EXERCISE INPUTS:
- - -
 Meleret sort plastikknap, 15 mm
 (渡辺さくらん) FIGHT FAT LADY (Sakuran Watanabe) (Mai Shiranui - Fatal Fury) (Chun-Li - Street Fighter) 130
- - -
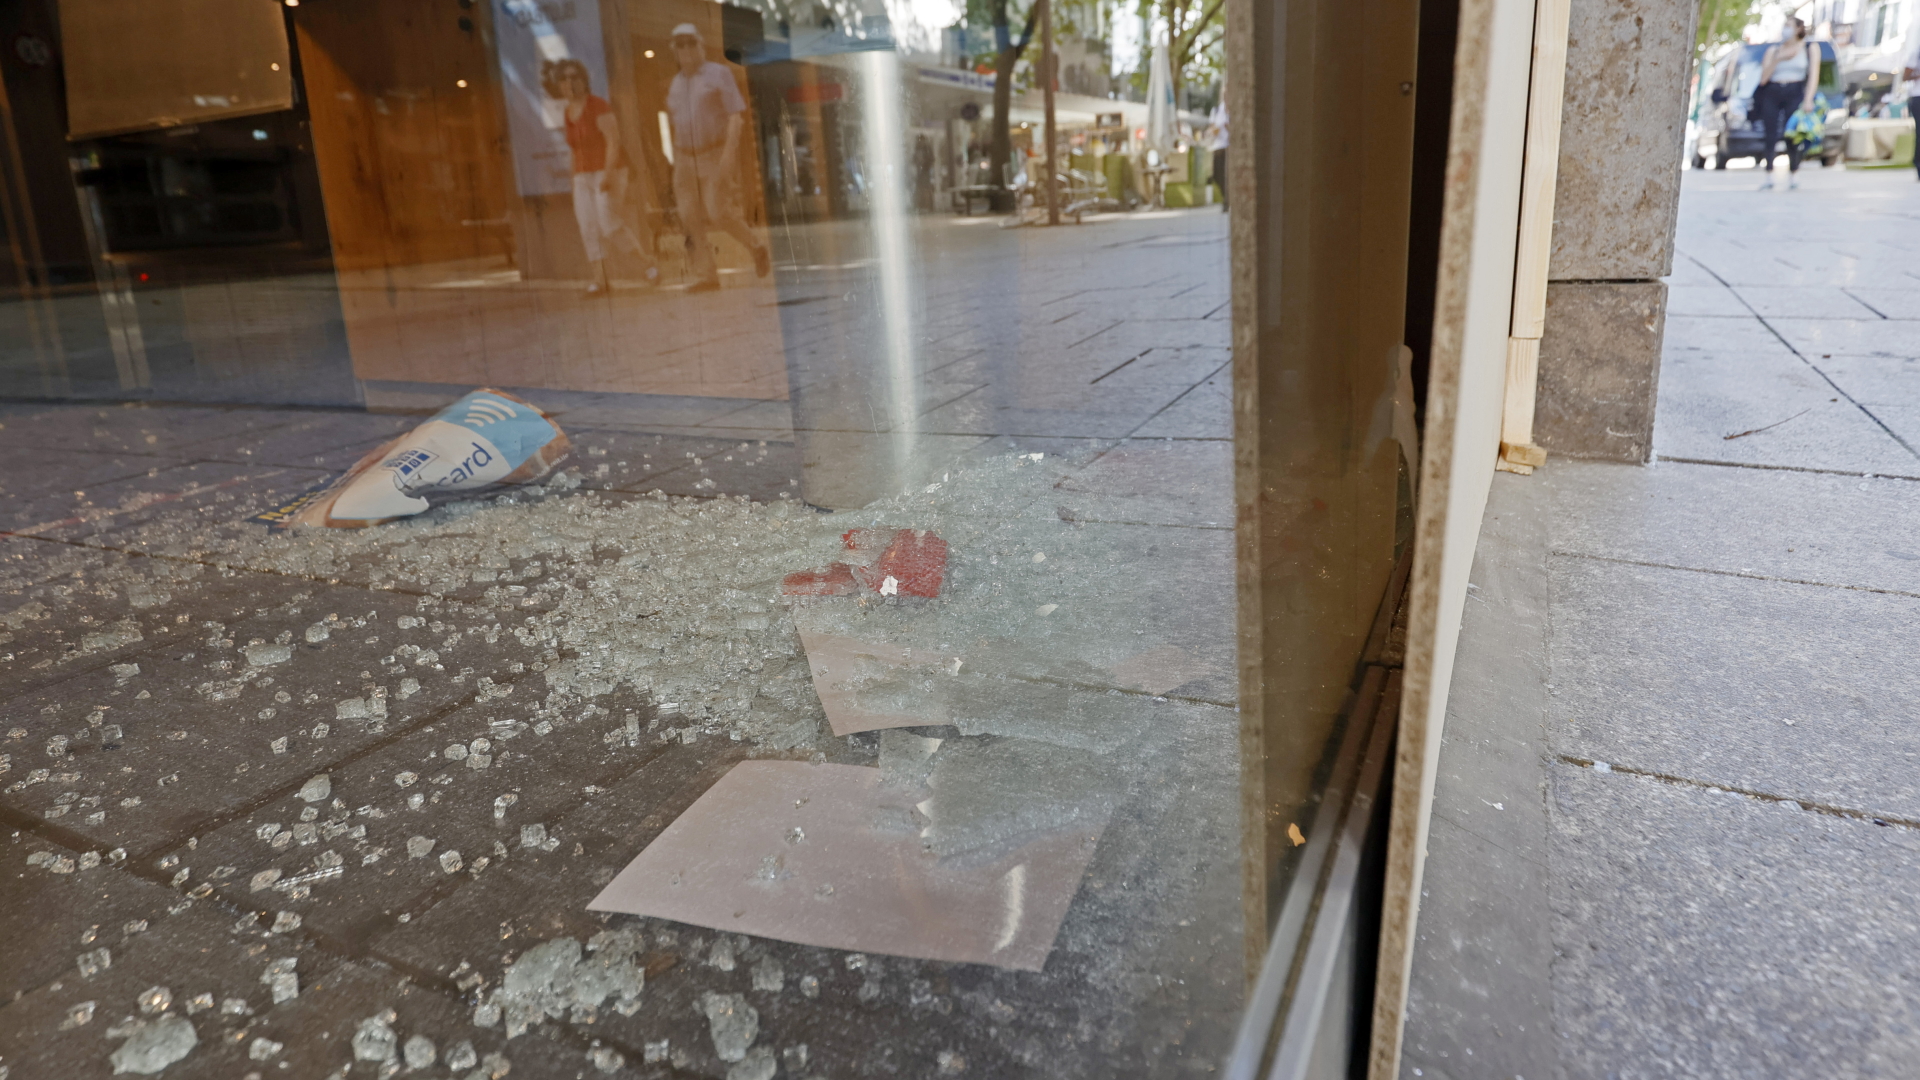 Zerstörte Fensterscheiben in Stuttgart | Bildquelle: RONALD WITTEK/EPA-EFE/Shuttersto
- - -
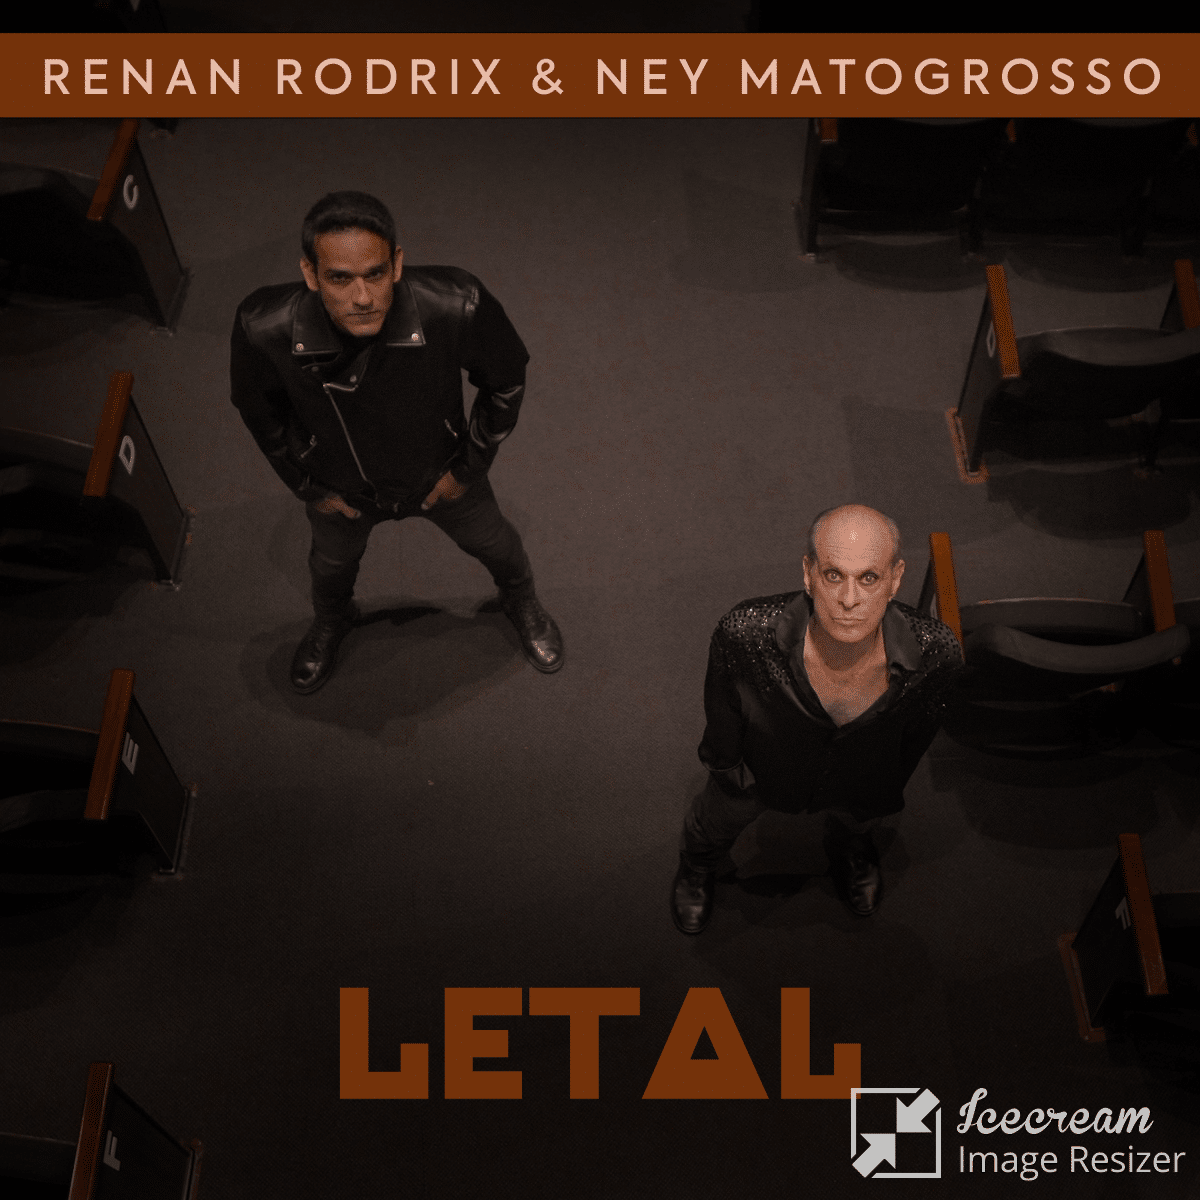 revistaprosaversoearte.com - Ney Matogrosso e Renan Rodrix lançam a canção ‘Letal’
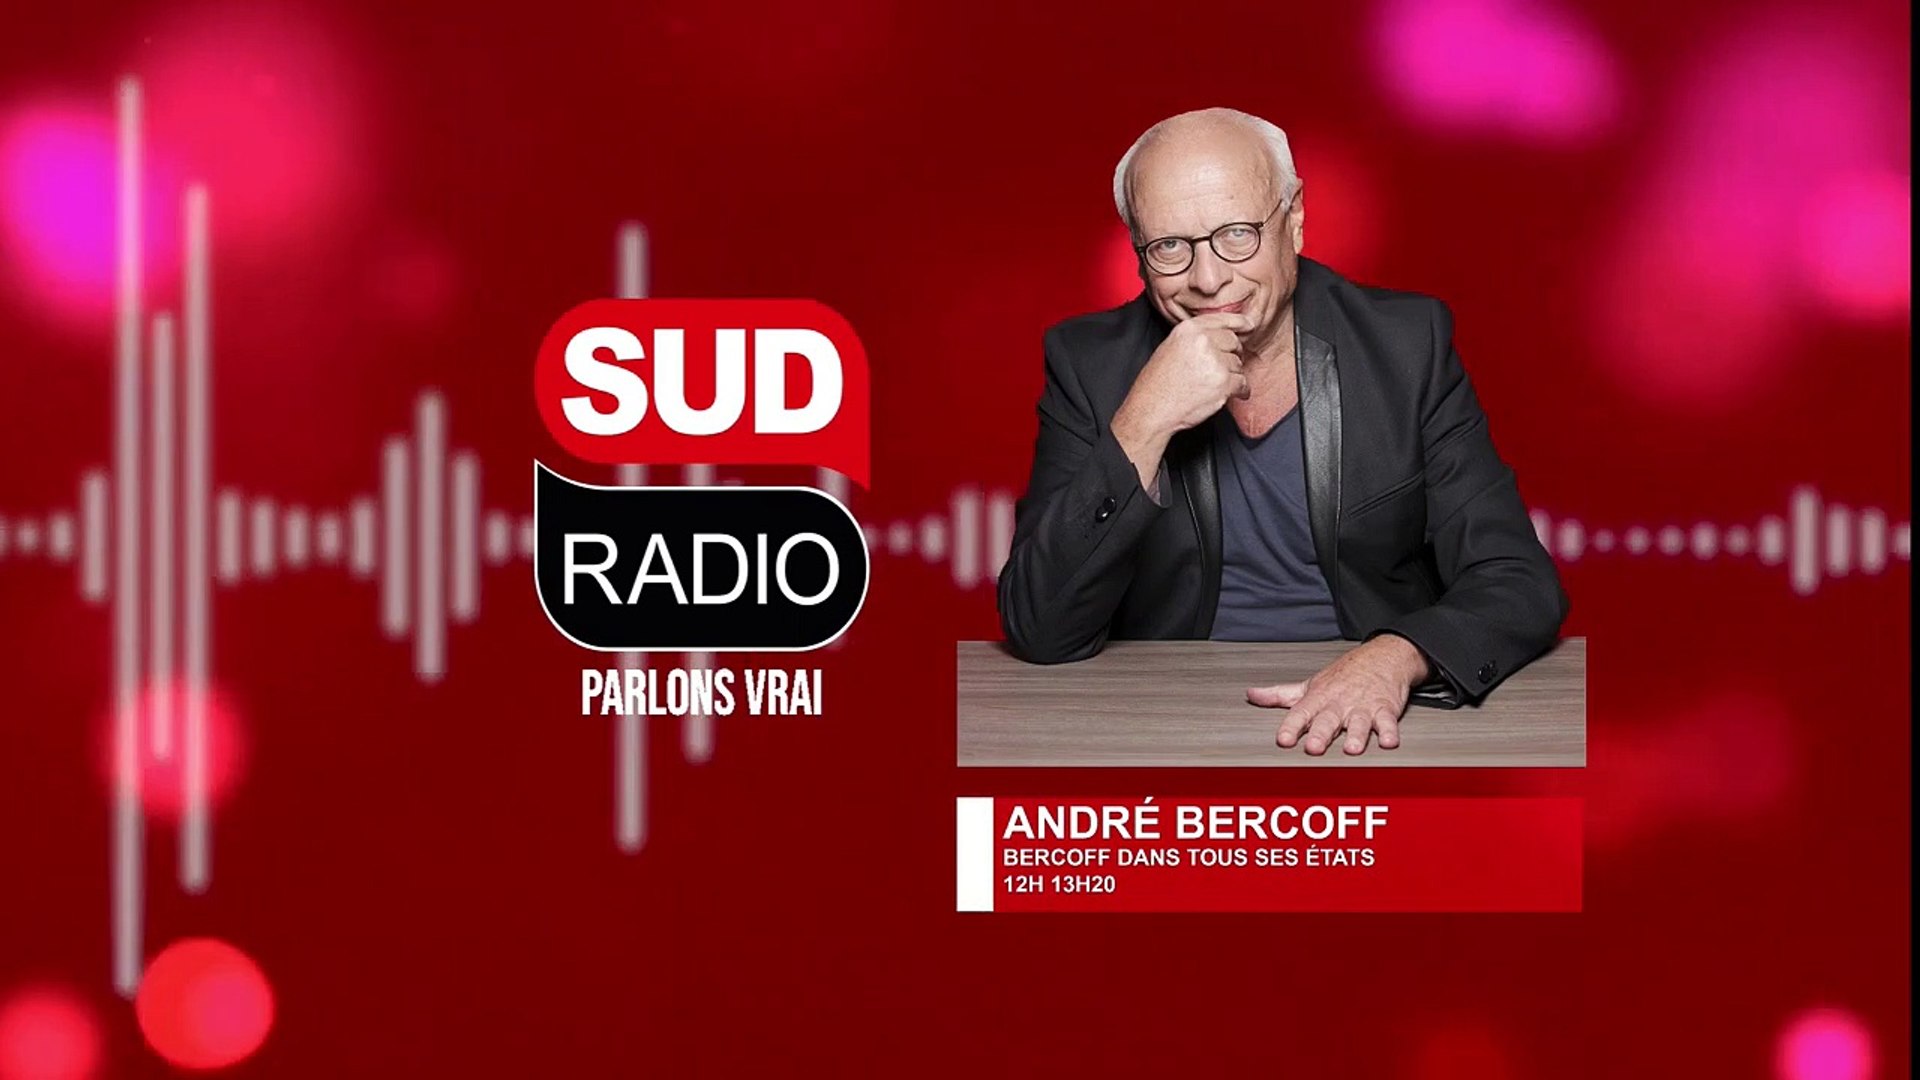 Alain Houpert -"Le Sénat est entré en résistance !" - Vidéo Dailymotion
- - -
WHAT NEEDS TO BE DONE:
Wherever the line holding "Meleret sort plastikknap, 15 mm" falls in the entries above, copy exactly from it through the line holding "(渡辺さくらん) FIGHT FAT", inclusive, and add nothing.

RESPONSE:
 Meleret sort plastikknap, 15 mm
 (渡辺さくらん) FIGHT FAT LADY (Sakuran Watanabe) (Mai Shiranui - Fatal Fury) (Chun-Li - Street Fighter) 130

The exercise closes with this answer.